Per meglio mettere a fuoco il nocciolo della questione che attiene il rapporto psicoterapeuta – paziente occorre precisare preventivamente che l’ottica da cui si muove questa sintetica riflessione, disimpigliata da grandi e piccoli “dogmi”, è quella psicoanalitica.
È d’uopo partire quindi per questo breve excursus dall’assunto freudiano del 1917. “….Evidentemente le faccio un grosso favore se la respingo da me, là dove sono gli Adler, gli Jung e altri. Ma non posso farlo, io devo avanzare le mie pretese su di lei, devo affermare che Lei è uno splendido analista, il quale ha afferrato irrevocabilmente la sostanza della questione. Chi riconosce che il transfert e la resistenza sono la chiave di volta del trattamento (mia la sottolineatura), senza rimedi appartiene alla schiera dannata.” (Lettera del 5/6/1917 di Freud a Groddeck – carteggio Freud-Groddeck Adelphi – Milano 1973).

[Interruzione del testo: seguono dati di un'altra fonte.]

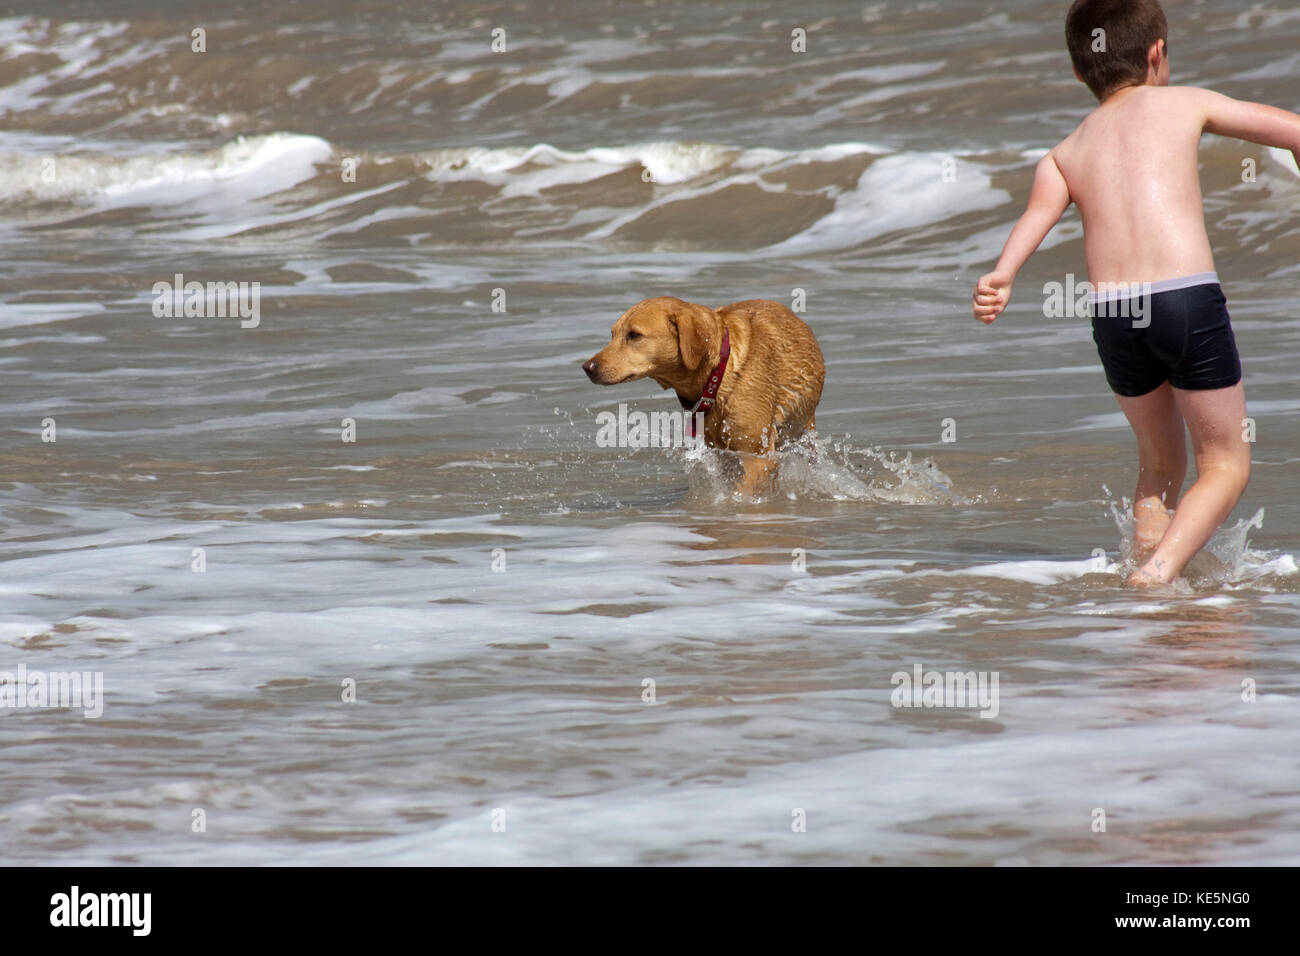 Small boy in swimming trunks and dog playing in the sea Stock Photo
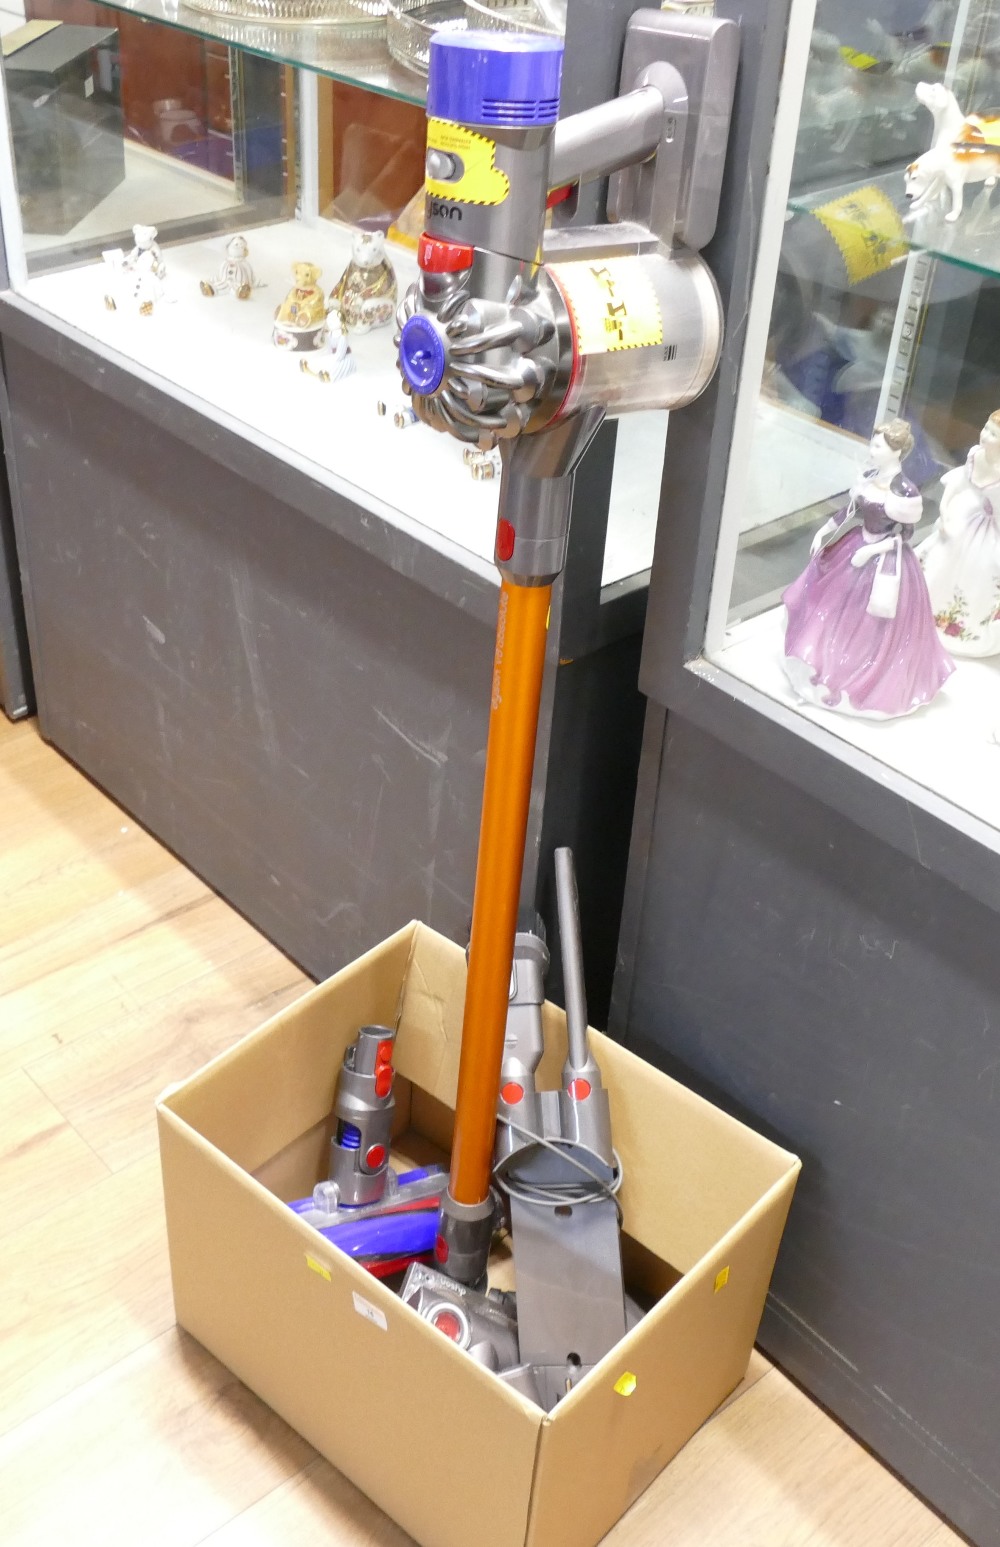 Dyson V8 Absolute vacuum cleaner

Il percorso del pensiero psicoanalitico ha avuto tanti approdi, quello di Kohut a proposito del nostro discorso  mi sembra il più condivisibile. Secondo questo moderno ed innovatore Autore la questione è così posta: “…. Nella mia opinione quindi l’esistenza della psicoanalisi risiede nell’immersione empatica protratta dall’osservatore scientifico nell’osservato….” (La guarigione del Se – Boringhieri Torino 1980). Nella mia prospettiva inoltre, facendo tesoro della preziosa esperienza Rogersiana, il rapporto a due analitico – empatico si fa al tempo professionale ma anche e soprattutto genuinamente umano superando la presunta neutralità dello psicoterapeuta. Tuttavia è evidente che non può trattarsi di relazione ingenua, che anzi, il rapporto è finalizzato all’obiettivo finale sancito fin dall’inizio da un chiaro contratto in cui il sofferente chiede una prestazione, che prevede delle precise competenze professionali, per risolvere un disagio generalmente espresso con un sintomo. Tutto ciò aumenta di più l’importanza del training formativo personale dello psicoterapeuta che essenzialmente gli consente di prendere contatto e saper gestire gli elementi originali del proprio Se. Ed è per questo che diventa decisiva a mio avviso l’analisi del vissuto corporeo mediante psicodistensione analitica di gruppo e individuale ma anche mediante l’espressività corporea e figurativa oltre che l’analisi mediata del verbale. Qualche considerazione per finire sull’analisi terminabile ed interminabile, assillo lasciatoci in sospeso da Freud. Ritengo giustificato separare l’espressione sintomatologica portata dal paziente dalla sua “realtà” interiore. Entrambe le “realtà” ci possono guidare nella decisione per procedere allo “svezzamento” del rapporto instaurato. Sottolineando che l’arte del “tagliare” è altrettanto preziosa di quella del “cucire” nel rapporto psicoterapeuta/paziente come lo è in quello esistenziale.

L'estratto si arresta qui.